Читать книгу Стоять до последнего - Георгий Свиридов - Страница 20

Часть первая. Взорванные будни
Глава шестая
3

Оглавление

Белые ночи, знаменитые ленинградские белые ночи, которыми еще недавно восторгались, теперь вызывали одну неприязнь. Редкие и жидкие облака, похожие на распущенные и вытянутые комки ваты, не спеша двигались по белесому небу, изредка на короткое время закрывали луну, не принося желанной темноты. Ох как она сейчас нужна, эта темень, осенняя густая темень. Но ее не было.

Бойцы хмуро поглядывали в светлое небо и тихо переругивались. Казалось, что в эти тяжелые дни сама природа предательски потворствует фашистам. О каком скрытном передвижении может идти речь, если в самую глухую полночь видать как днем?

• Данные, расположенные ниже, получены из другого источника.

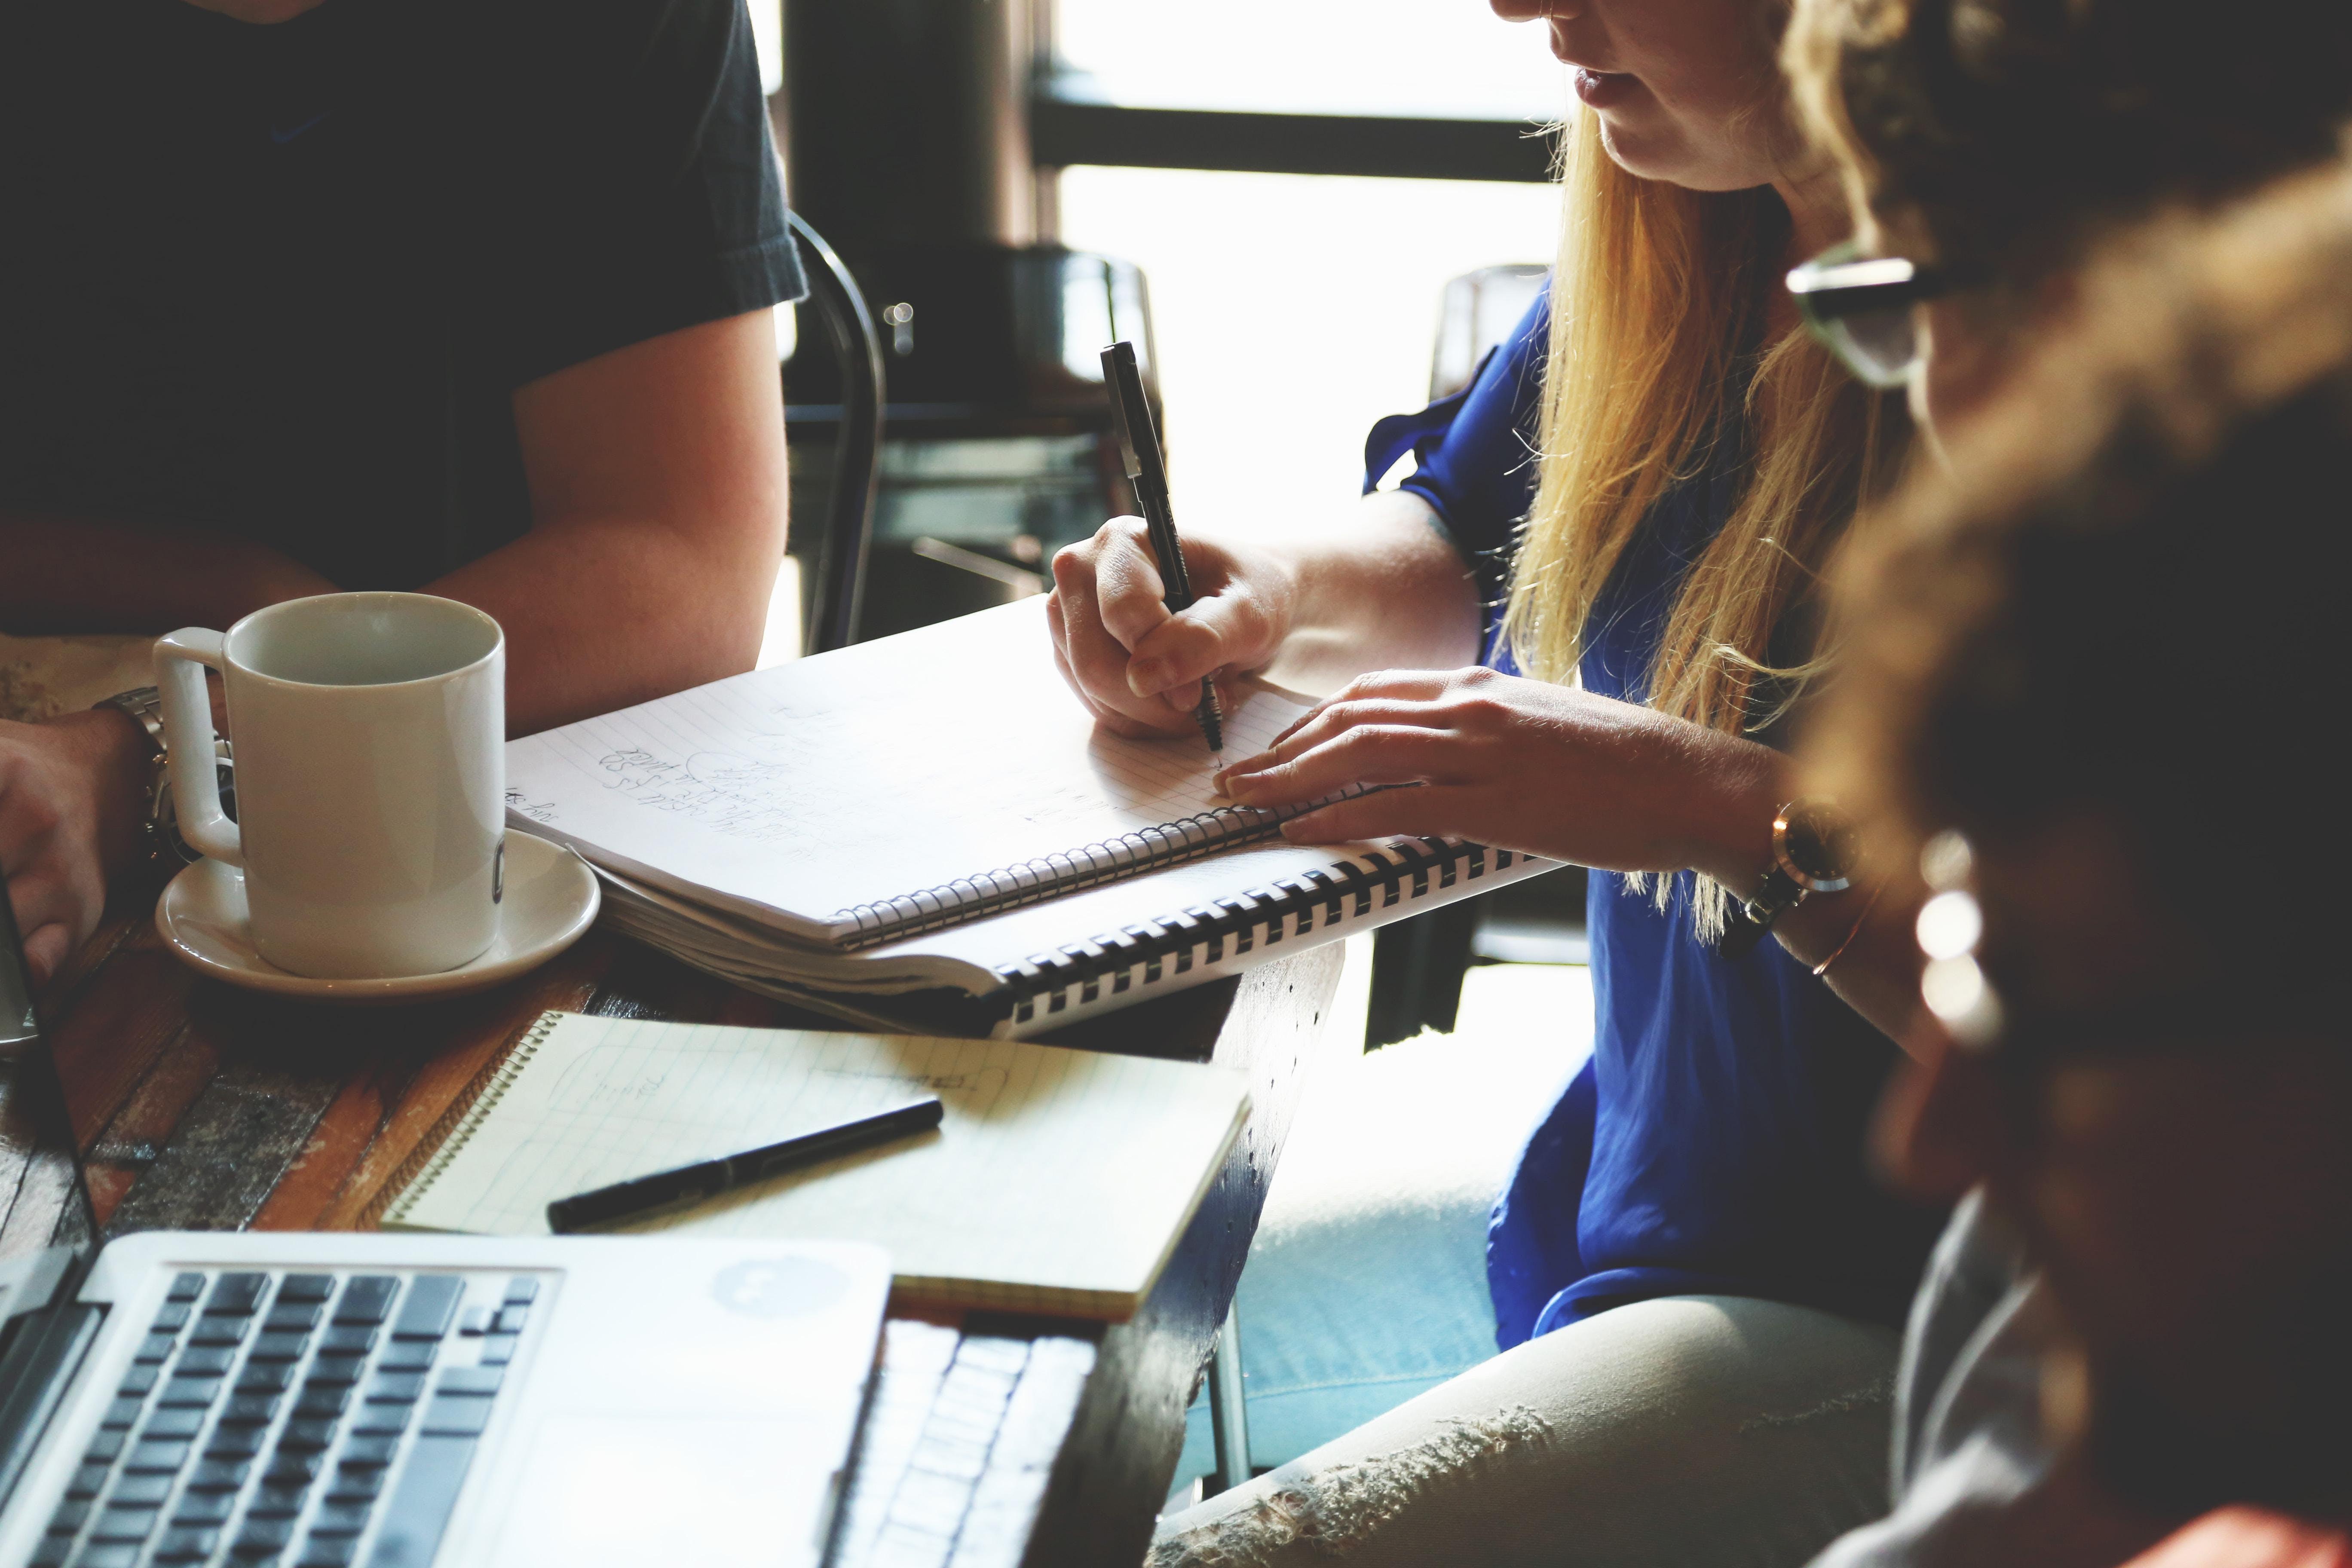 PROJEKTMANAGEMENT: Agiles Projektmanagement (

Монотонно и глухо цокали копыта. Уставшие кони тянули зенитные пушки, зарядные ящики, за которыми пешим ходом двигались артиллеристы. Проселочная дорога, выйдя из леса, взбежала на пригорок, и с небольшой высоты открывался широкий обзор на просторное ржаное поле, чем-то похожее на уснувшее озеро. Слева вдали темнели силуэты домов какой-то деревни, чуть слышно оттуда доносился собачий лай, мычание коров, веселая перекличка петухов. Впереди, за полем, вставал сосновый бор. Справа, пересекая поле, тянулась насыпь. Тяжело и натужно пыхтя, показался паровоз, выбрасывая в небо из трубы вместе с черным дымом снопы красных искр. Он тащил длинный состав. На открытых платформах стояли танки. Задрав к небу тонкие дула, вырисовывались зенитные пушки. В товарных вагонах распахнуты двери, светятся оранжевыми точками огоньки папирос да слышатся веселые переборы гармоники.

– С полным комфортом костят! – с завистью сказал Сотейников. – А мне в жизни сплошное невезение. Даже к смертному рубежу пеши топать приходится…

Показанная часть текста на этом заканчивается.